Problem details: In the entries below, find the line with "14 Karat Yellow", then set it down exactly along with each line after it to the end, skipping any pictures.

Stored items from a collection:

::::::

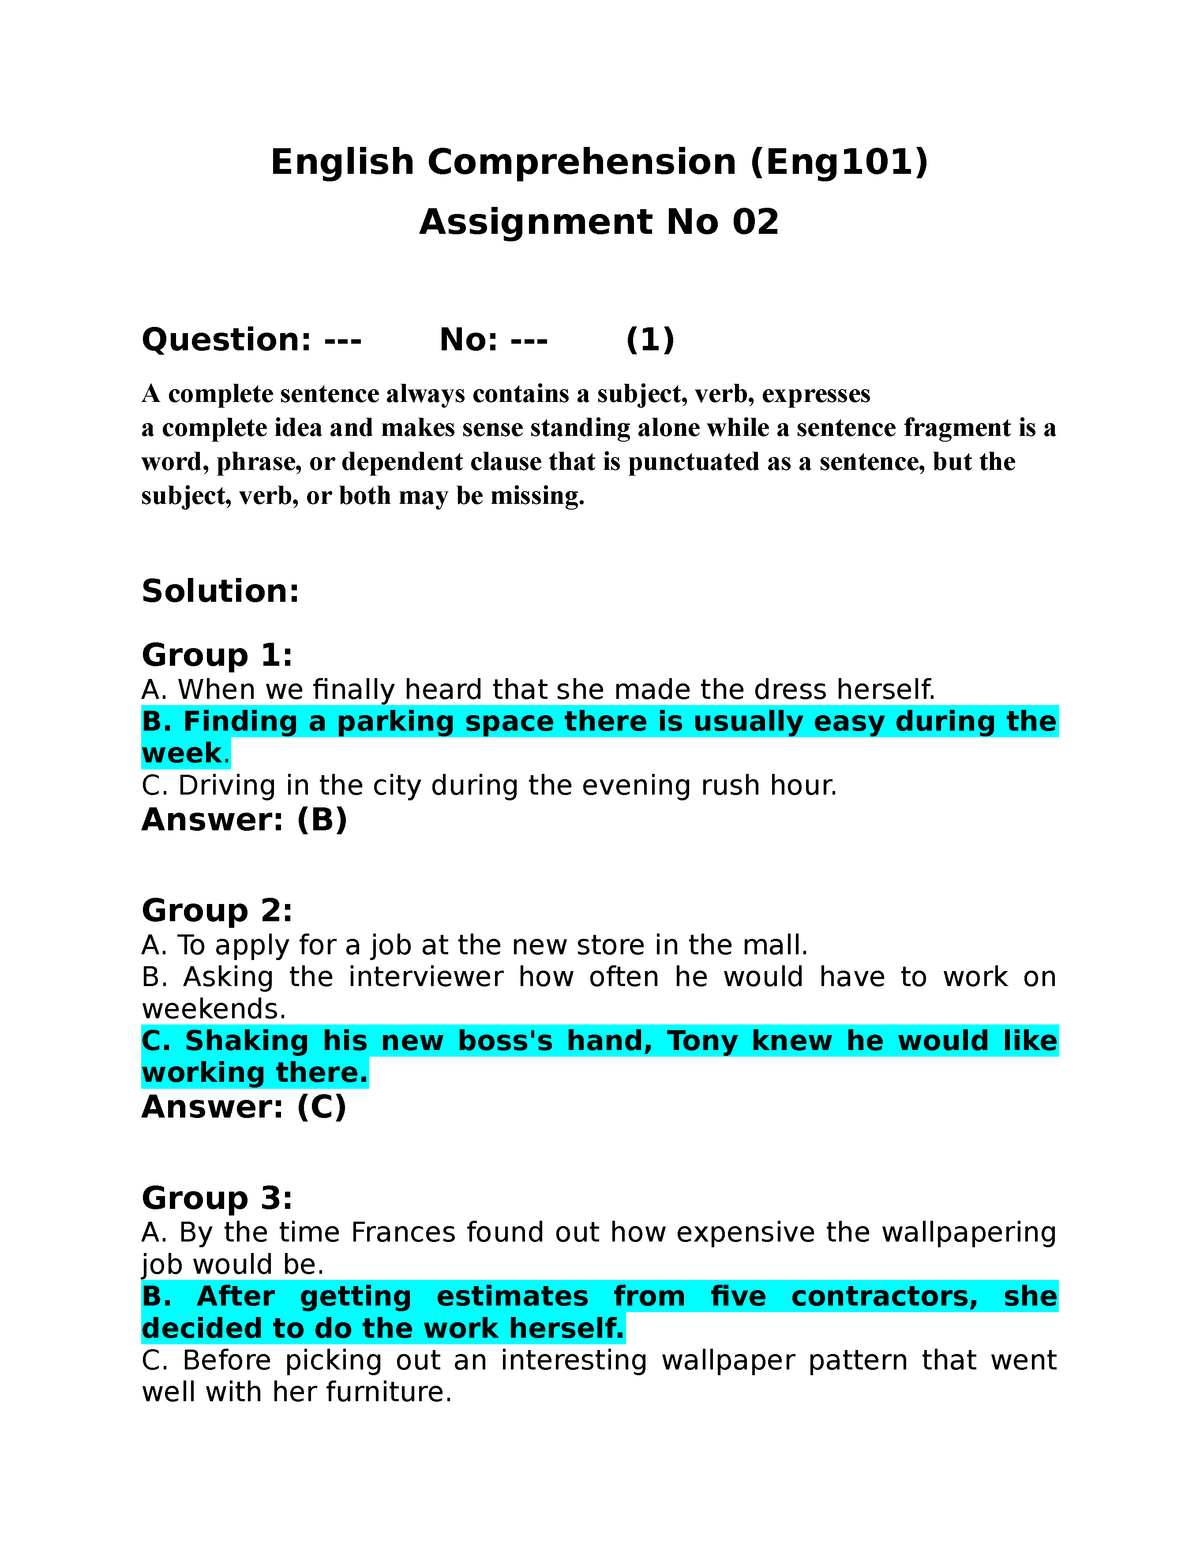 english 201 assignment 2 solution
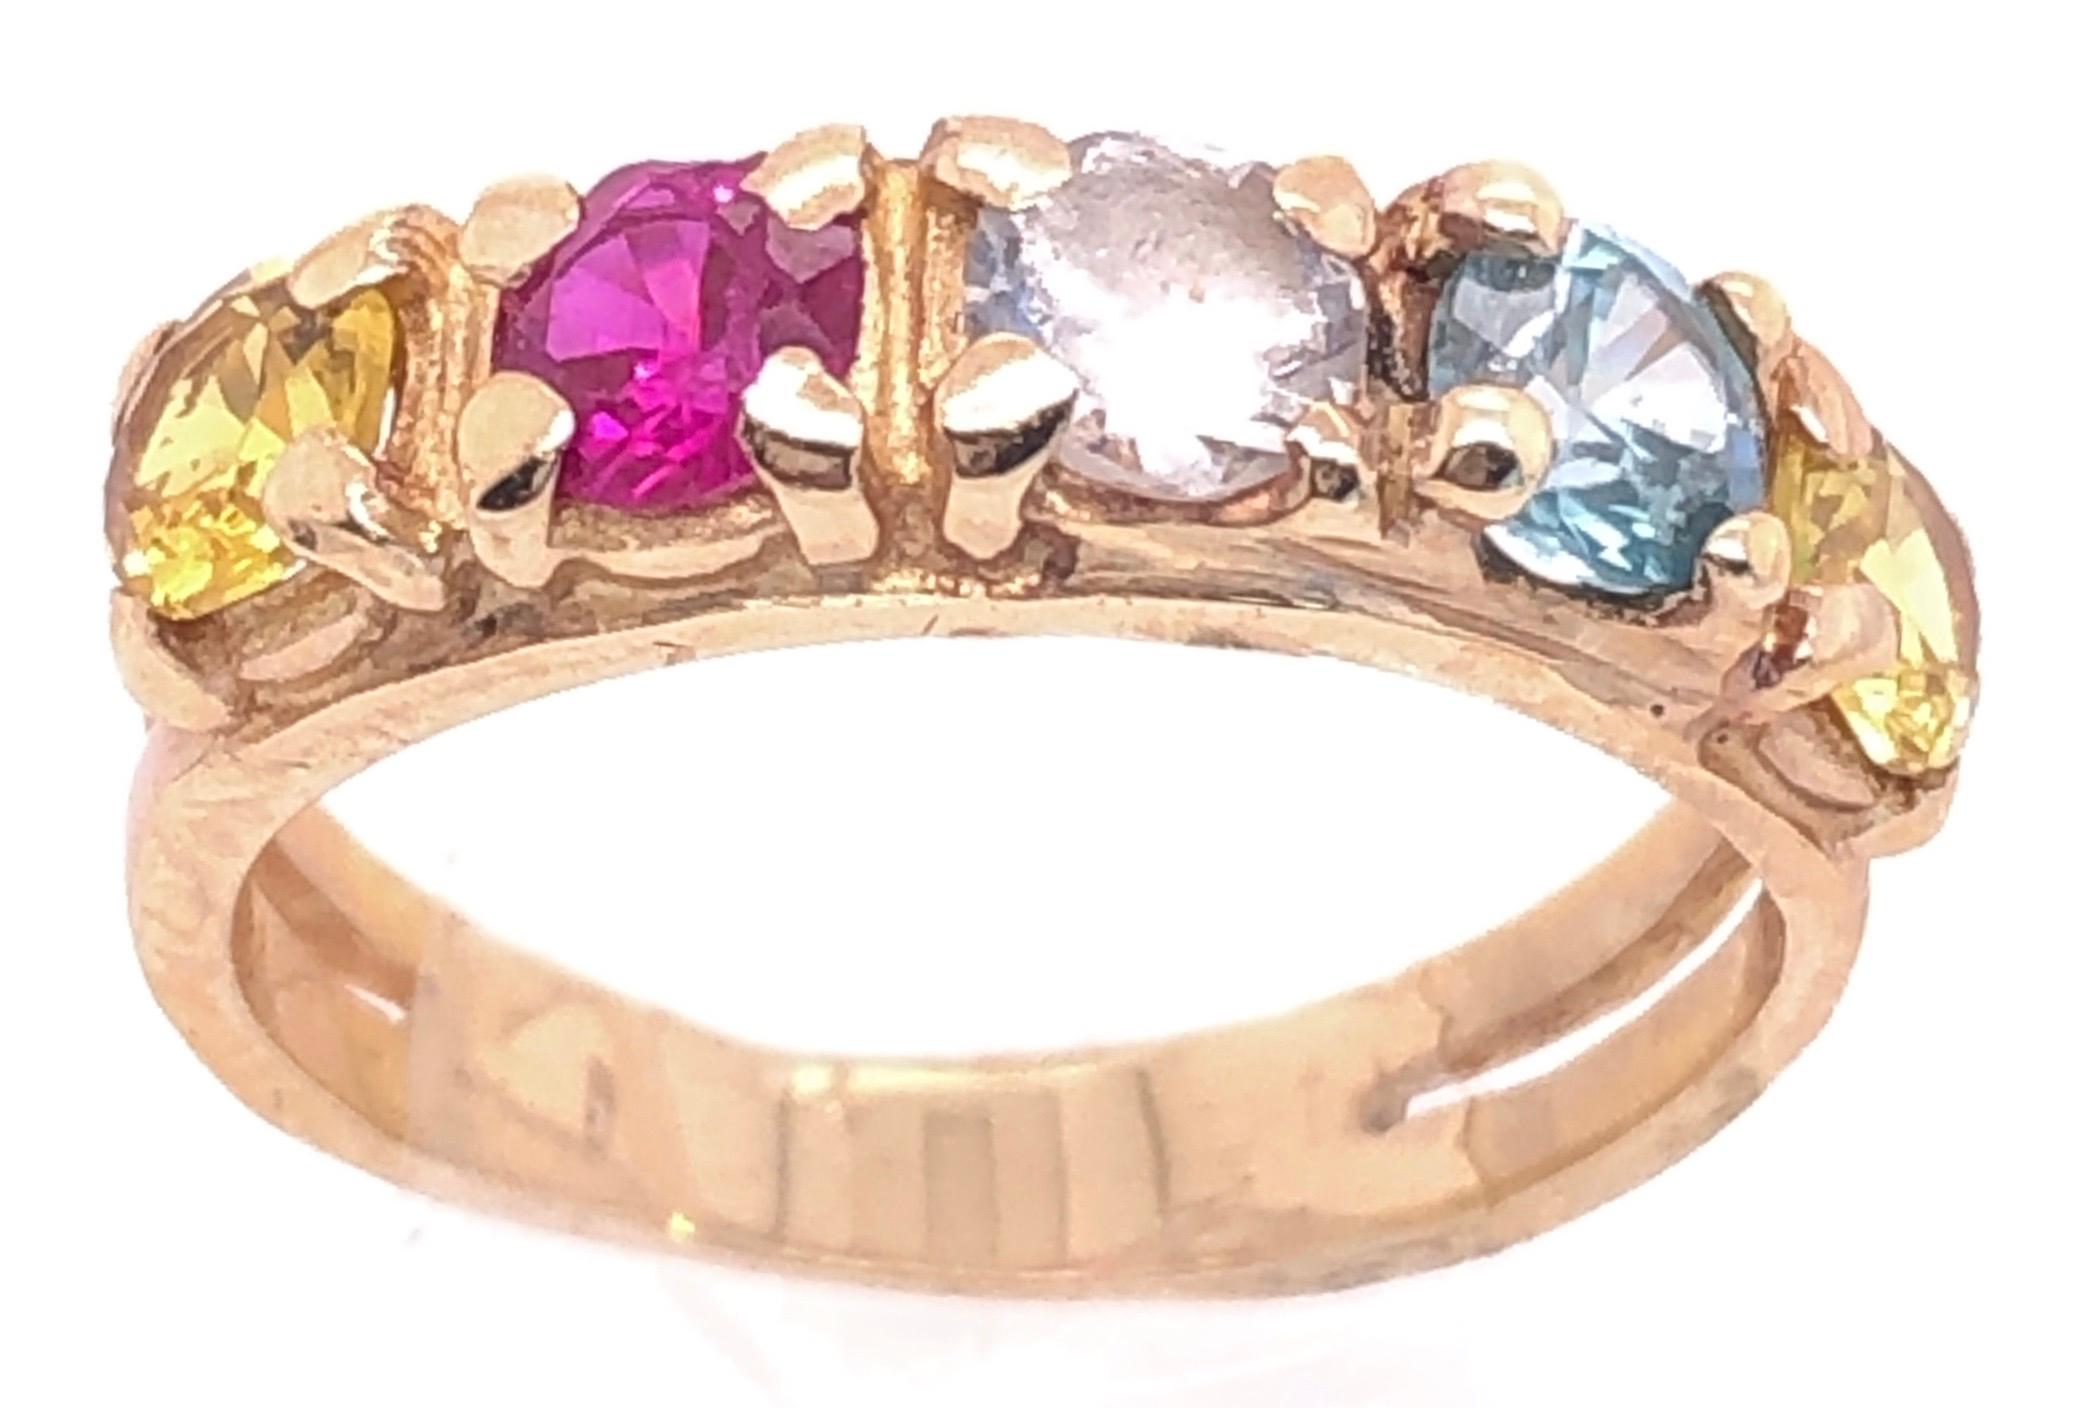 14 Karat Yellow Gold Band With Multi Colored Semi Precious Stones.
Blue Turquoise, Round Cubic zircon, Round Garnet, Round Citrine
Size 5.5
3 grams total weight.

::::::

Exercise solution:
 14 Karat Yellow Gold Band With Multi Colored Semi Precious Stones.
Blue Turquoise, Round Cubic zircon, Round Garnet, Round Citrine
Size 5.5
3 grams total weight.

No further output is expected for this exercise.